Aim of the task »
Transcribe the data as written, minus images.

Stored data »

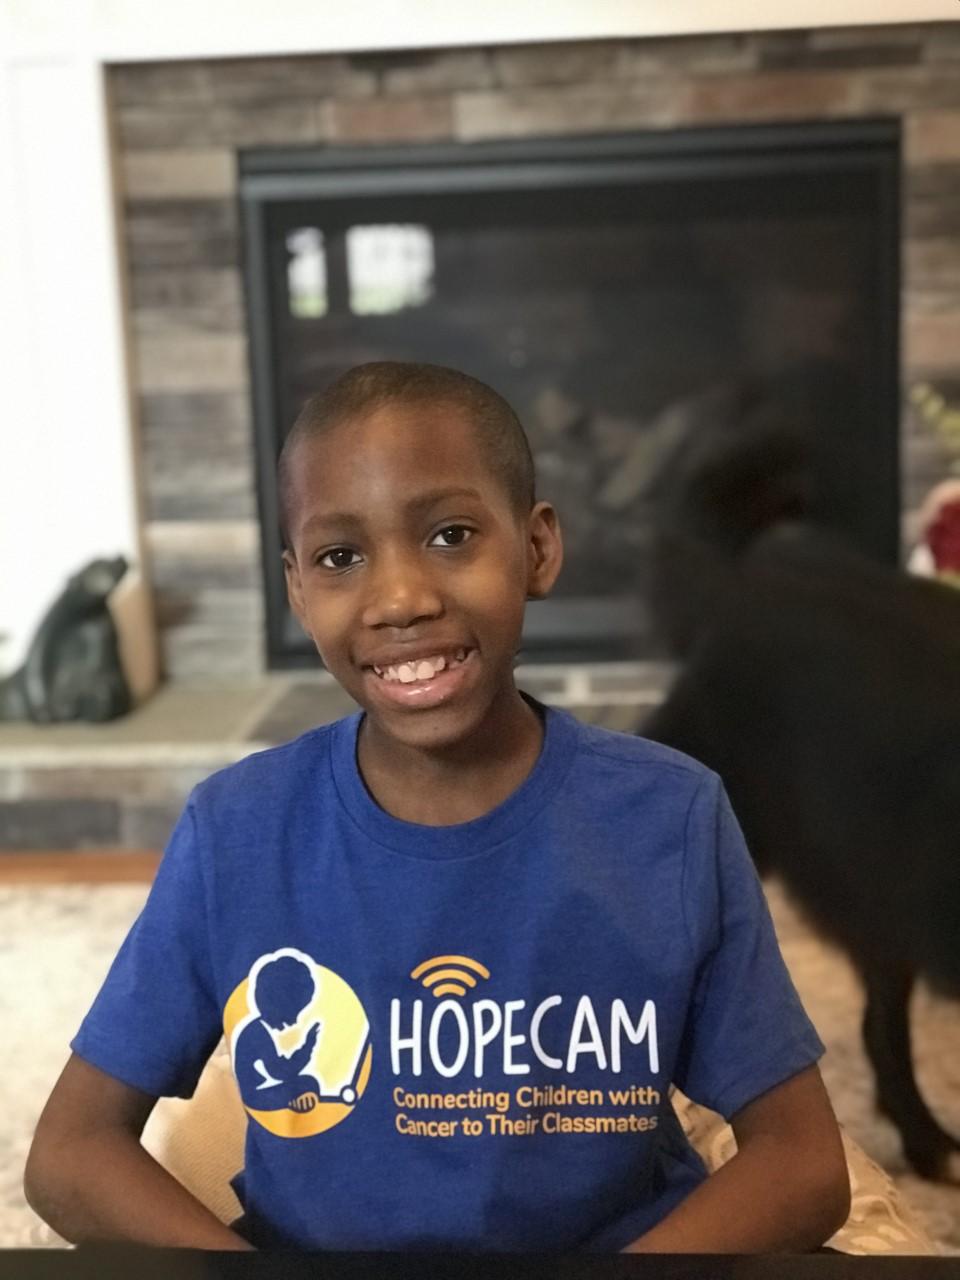 Smiling boy in Hopecam shirt
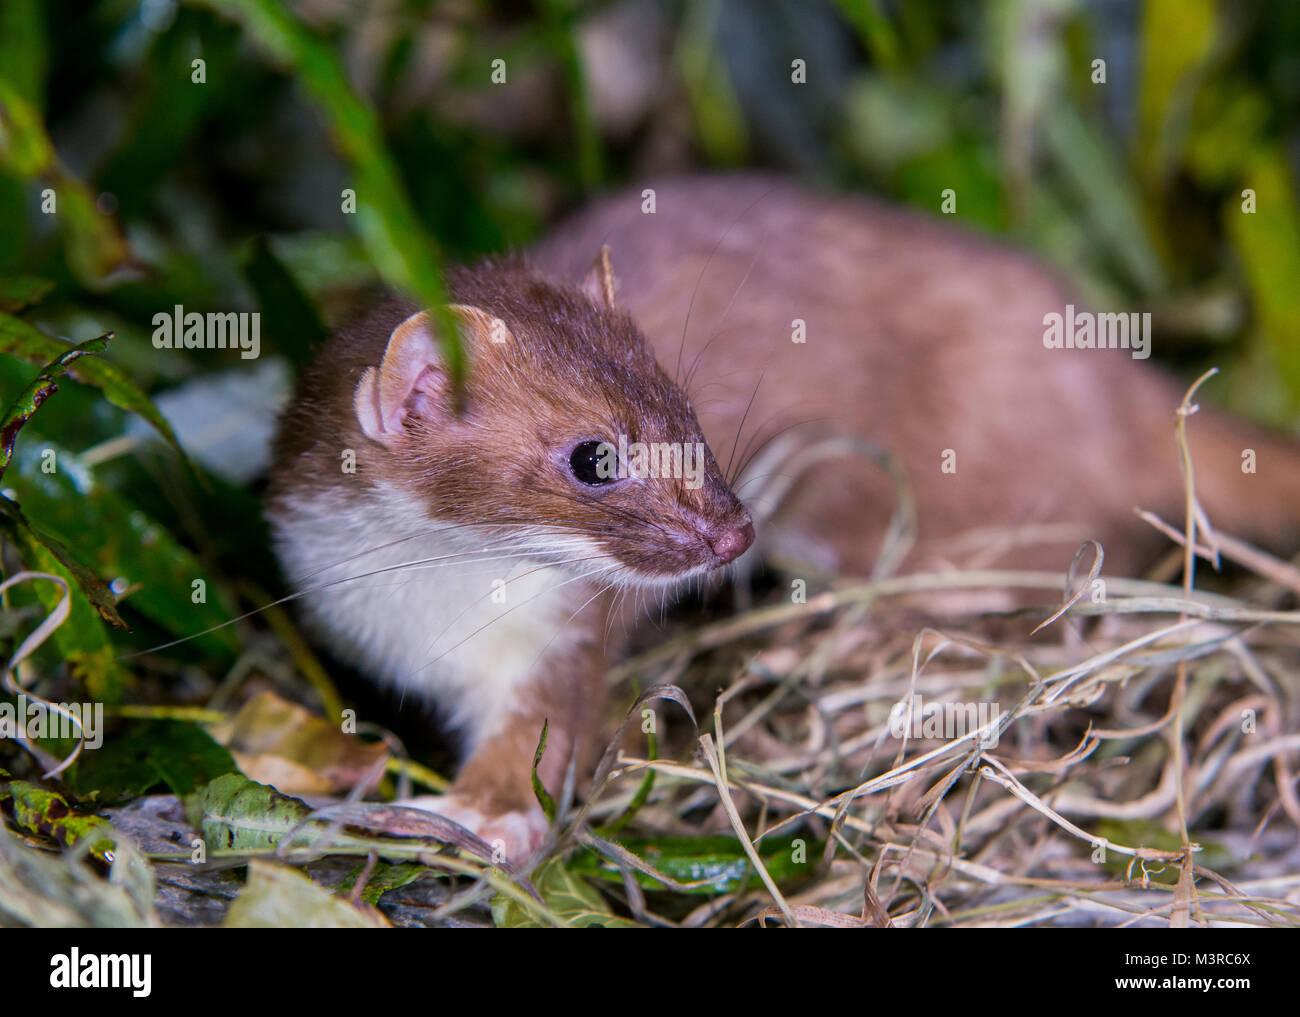 Weasel on rock looking upwards - Stock Image
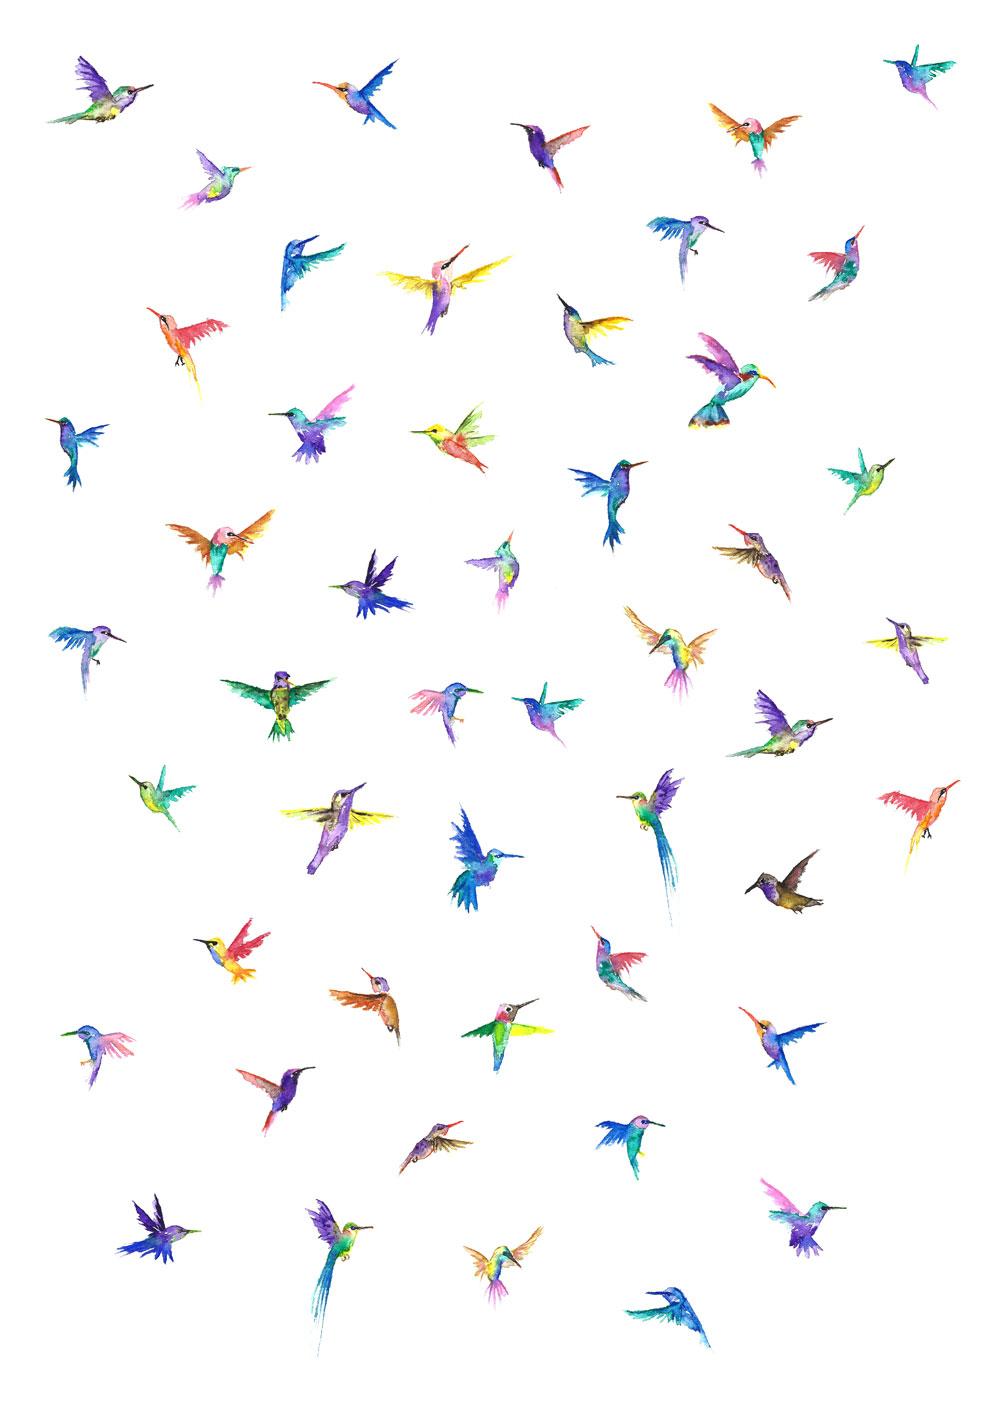 Hummingbirds part 1

Reply »
 Smiling boy in Hopecam shirt
 Weasel on rock looking upwards - Stock Image
 Hummingbirds part 1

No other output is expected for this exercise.